Ana Torroja guía en Cap Roig un viaje emocional

Palafrugell (Girona), 18 ago (EFE).- Si las giras de Mecano se prolongaron durante la década larga que va
del arranque de los 80 a principios de los 90, la que ha llevado a Ana Torroja a Cap Roig en este 2026 ha
sido una invitación al público a reencontrarse con las emociones que le transmitían aquellas canciones.
No todos los temas fueron los que hace cuatro décadas encumbraban a la protagonista de esta noche y a
los hermanos José y Nacho Cano, pero era obvio que el auditorio disfrutaba especialmente cuando
sonaban acordes como los de ‘Los amantes’ o ‘Me colé en una fiesta’, que siguieron al tema obligado de
arranque, ‘Se ha acabado el show’.
AAna Torroja, como a quienes tenía delante, también se la vio disfrutar, en su caso de un escenario como
el de Cap Roig, el festival que organizan Clipper’s Live y CaixaBank en un rincón idílico de la Costa
Brava que contrasta con aquellos de macroconciertos a los que tuvo que enfrentarse cuando contaba sus
años con un dos por primera cifra.
A Cap Roig, la frontwoman de Mecano llegaba con nueva propuesta musical, ese ‘Se ha acabado el show’
que es canción, álbum y nombre de gira, aunque la magia llegaba con piezas como una versionada ‘Cruz
de navaja’, ‘A veces bien y a veces mal’ o ‘El 7 de septiembre’ por esa capacidad de transportar a los
asistentes a momentos de sus vidas asociados a una melodía.
Una voz que forma parte de la memoria colectiva
De su trabajo en solitario sonaron para los que la cantante denominó «los valientes» temas destacados
como ‘A contratiempo’, ‘La maleta’, ‘Ya no te quiero’ o ‘Sonrisa’, todo acompañado de banda y
escenografía que ejercían poco más que de complemento para alguien cuya voz forma parte de la
memoria colectiva.
Además, Ana Torroja tiene ahora el superpoder de jugar con el tiempo y conseguir que en un festival
como el de Cap Roig, de público variopinto por su circunstancia geográfica y estacional, todos los
asistentes asuman el rol de fieles seguidores del artista de turno y coreen las letras sin fallar un verso.
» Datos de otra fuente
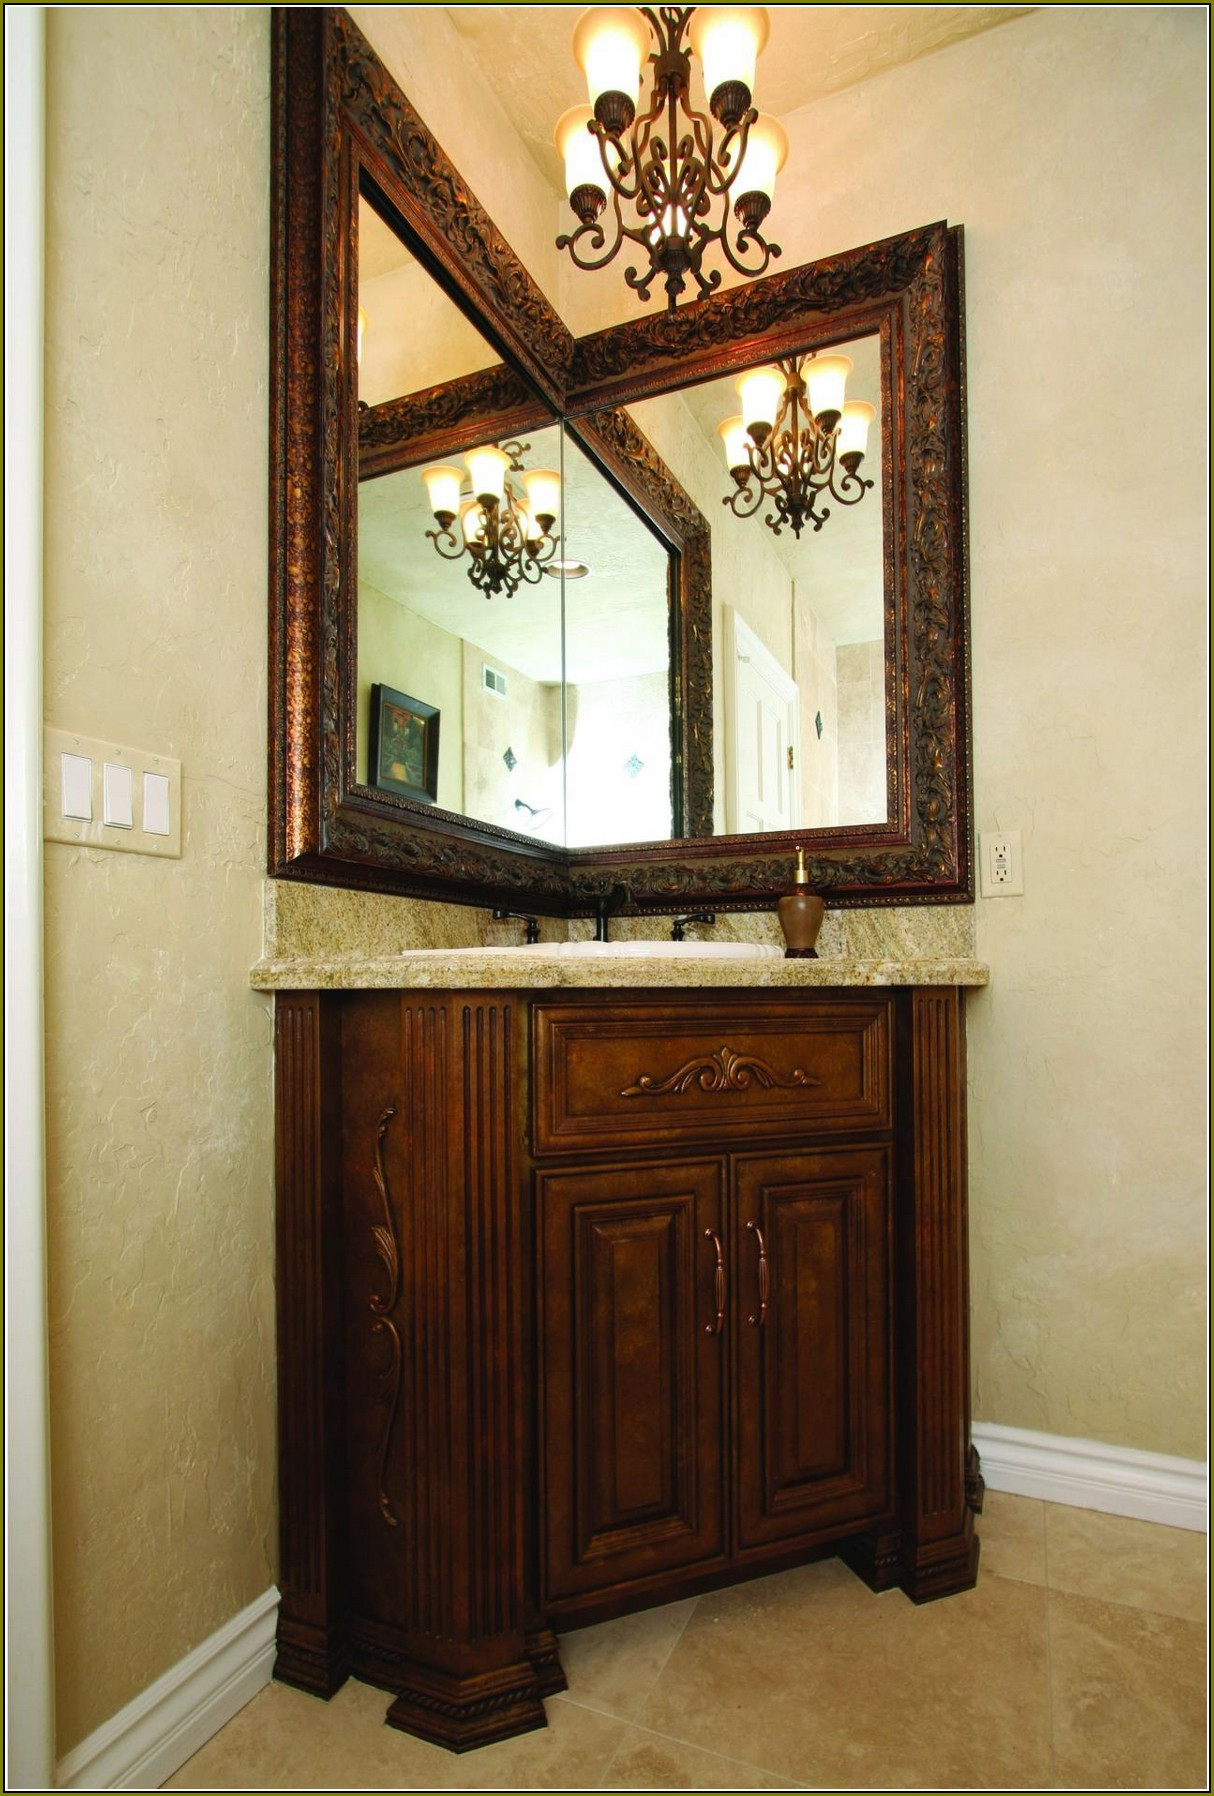 Lowes Mirrors Bathroom
 Bathroom Appealing Vanity Lowes For Simple Bathroom

La comunión fue absoluta cuando sonaron «para los nostálgicos» por contraposición a «los valientes» los
acordes de ‘Hijo de la Luna’ y la catarsis llegó con ‘Mujer contra mujer’, ‘Ay que pesado’ y unas cadenas, o
medley en la terminología más usada en el contexto, de pedazos de la historia de Mecano.
La virtud de combinar recuerdos y nueva creación
La virtud de Ana Torroja ha sido la de combinar recuerdos y nueva creación de manera que el hilo entre
ella y el público ha mantenido la tensión necesaria en todo momento.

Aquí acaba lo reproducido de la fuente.